1. Navigate to the directory with the build artifacts:
cd dist/artifacts/
2. Start K3s by connecting to the local YugabyteDB cluster:
sudo ./k3s server \
--token=sample_secret_token \
--datastore-endpoint="yugabytedb://yugabyte:yugabyte@127.0.0.1:5433/yugabyte"
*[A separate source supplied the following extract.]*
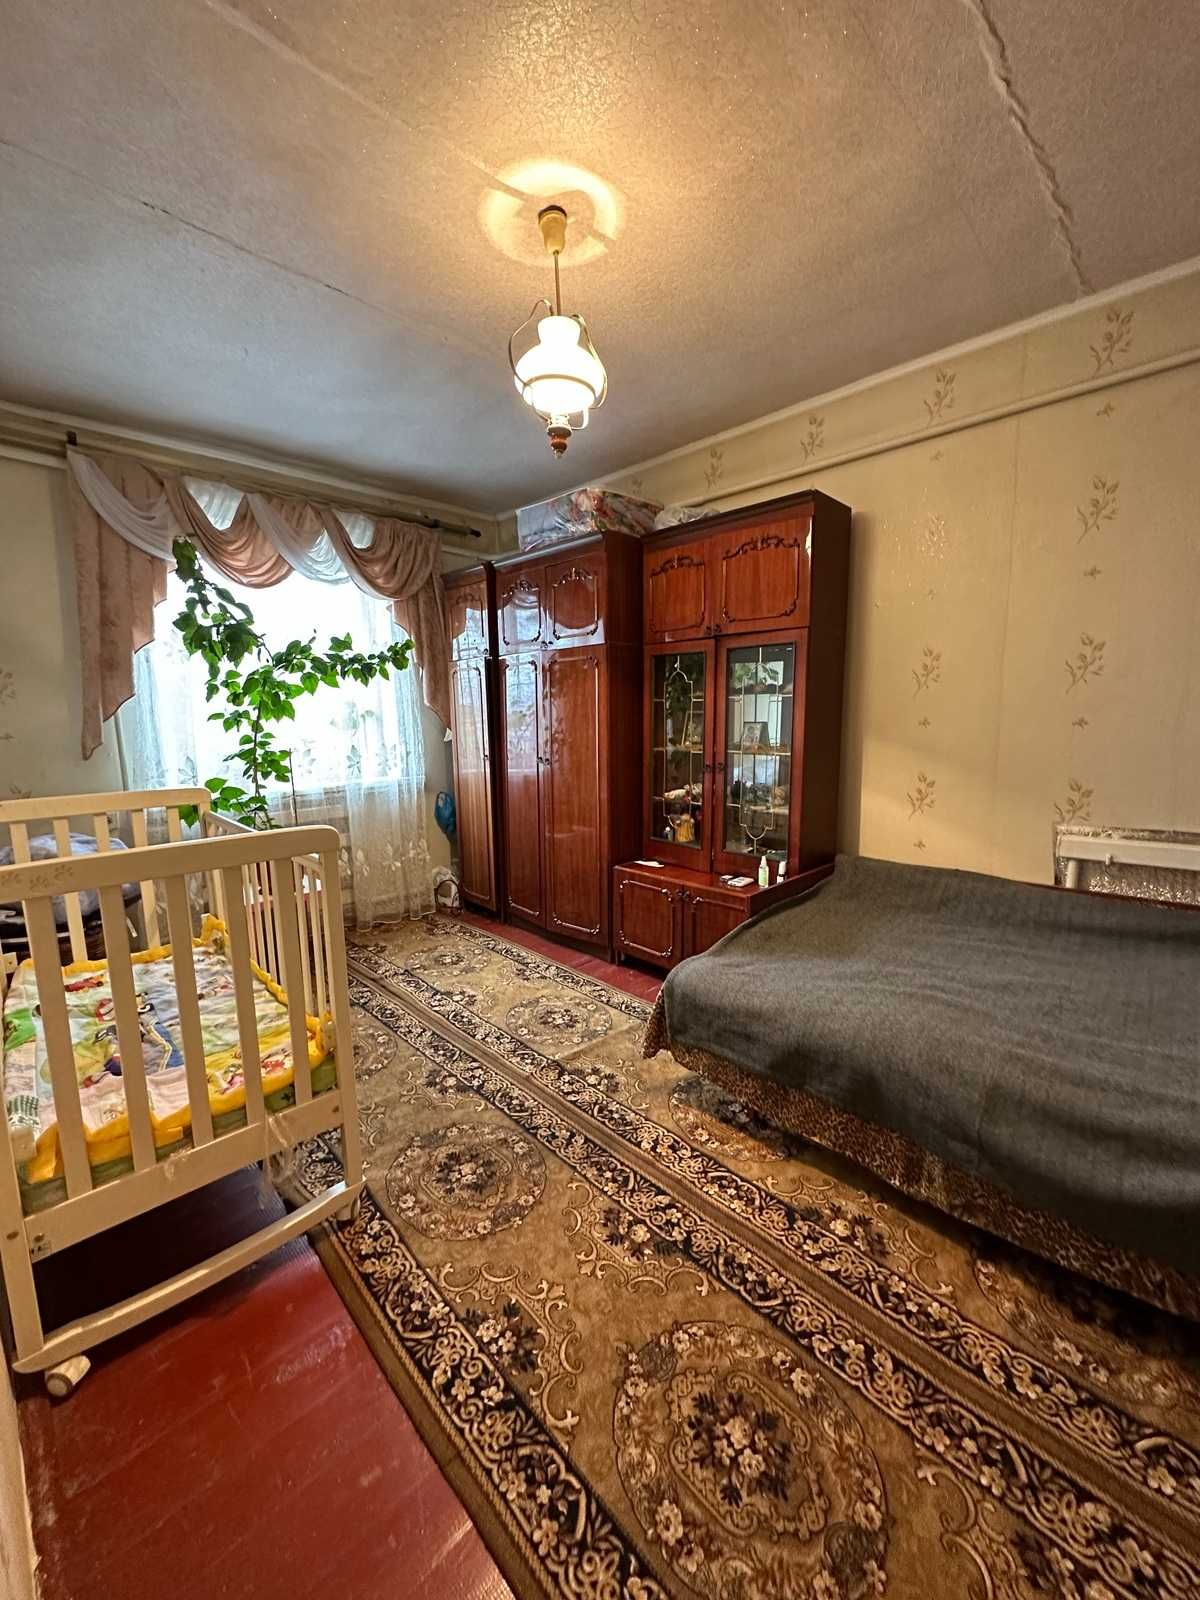 Продаж будинку за містом Бородянка.

3. Confirm Kubernetes started successfully:
sudo ./k3s kubectl get nodes
NAME STATUS ROLES AGE VERSION
ubuntu-vm Ready control-plane,master 4m33s v1.27.4+k3s-36645e73
Now, let's deploy a sample application to ensure that the Kubernetes cluster is capable of more than just bootstrapping itself:
1. Clone a repository with Kubernetes examples:
git clone https://github.com/digitalocean/kubernetes-sample-apps.git
2. Deploy the Emojivoto application:
sudo ./k3s kubectl apply -k ./kubernetes-sample-apps/emojivoto-example/kustomize
3. Make sure all deployments and services start successfully:
sudo ./k3s kubectl get all -n emojivoto
NAME READY STATUS RESTARTS AGE
pod/vote-bot-565bd6bcd8-rnb6x 1/1 Running 0 25s
pod/web-75b9df87d6-wrznp 1/1 Running 0 24s
pod/voting-f5ddc8ff6-69z6v 1/1 Running 0 25s
pod/emoji-66658f4b4c-wl4pt 1/1 Running 0 25s
NAME TYPE CLUSTER-IP EXTERNAL-IP PORT(S) AGE
service/emoji-svc ClusterIP 10.43.106.87 <none> 8080/TCP,8801/TCP 27s
service/voting-svc ClusterIP 10.43.14.118 <none> 8080/TCP,8801/TCP 27s
service/web-svc ClusterIP 10.43.110.237 <none> 80/TCP 27s
NAME READY UP-TO-DATE AVAILABLE AGE
deployment.apps/vote-bot 1/1 1 1 26s
deployment.apps/web 1/1 1 1 25s
deployment.apps/voting 1/1 1 1 26s
deployment.apps/emoji 1/1 1 1 26s
NAME DESIRED CURRENT READY AGE
replicaset.apps/vote-bot-565bd6bcd8 1 1 1 26s
replicaset.apps/web-75b9df87d6 1 1 1 25s
replicaset.apps/voting-f5ddc8ff6 1 1 1 26s
replicaset.apps/emoji-66658f4b4c 1 1 1 26s
4. Make a call to the service/web-svc
using the CLUSTER_IP:80
to trigger the application logic:
curl 10.43.110.237:80
The app will respond with the following HTML:
<!DOCTYPE html>
<html>
<head>
<meta charset="UTF-8">
<title>Emoji Vote</title>
<link rel="icon" href="/img/favicon.ico">
<script async src="https://www.googletagmanager.com/gtag/js?id=UA-60040560-4"></script>
<script>
window.dataLayer = window.dataLayer || [];
function gtag(){dataLayer.push(arguments);}
gtag('js', new Date());
gtag('config', 'UA-60040560-4');
</script>
</head>
<body>
<div id="main" class="main"></div>
</body>
<script type="text/javascript" src="/js" async></script>
</html>
In Summary
Job done! Kubernetes can now use YugabyteDB as a distributed and highly available SQL database for all its data.
This allows us to proceed to the next phase: deploying Kubernetes and YugabyteDB in a genuine cloud environment across multiple availability zones and regions, and testing how the solution handles various outages. This warrants a separate blog post, so stayed tuned!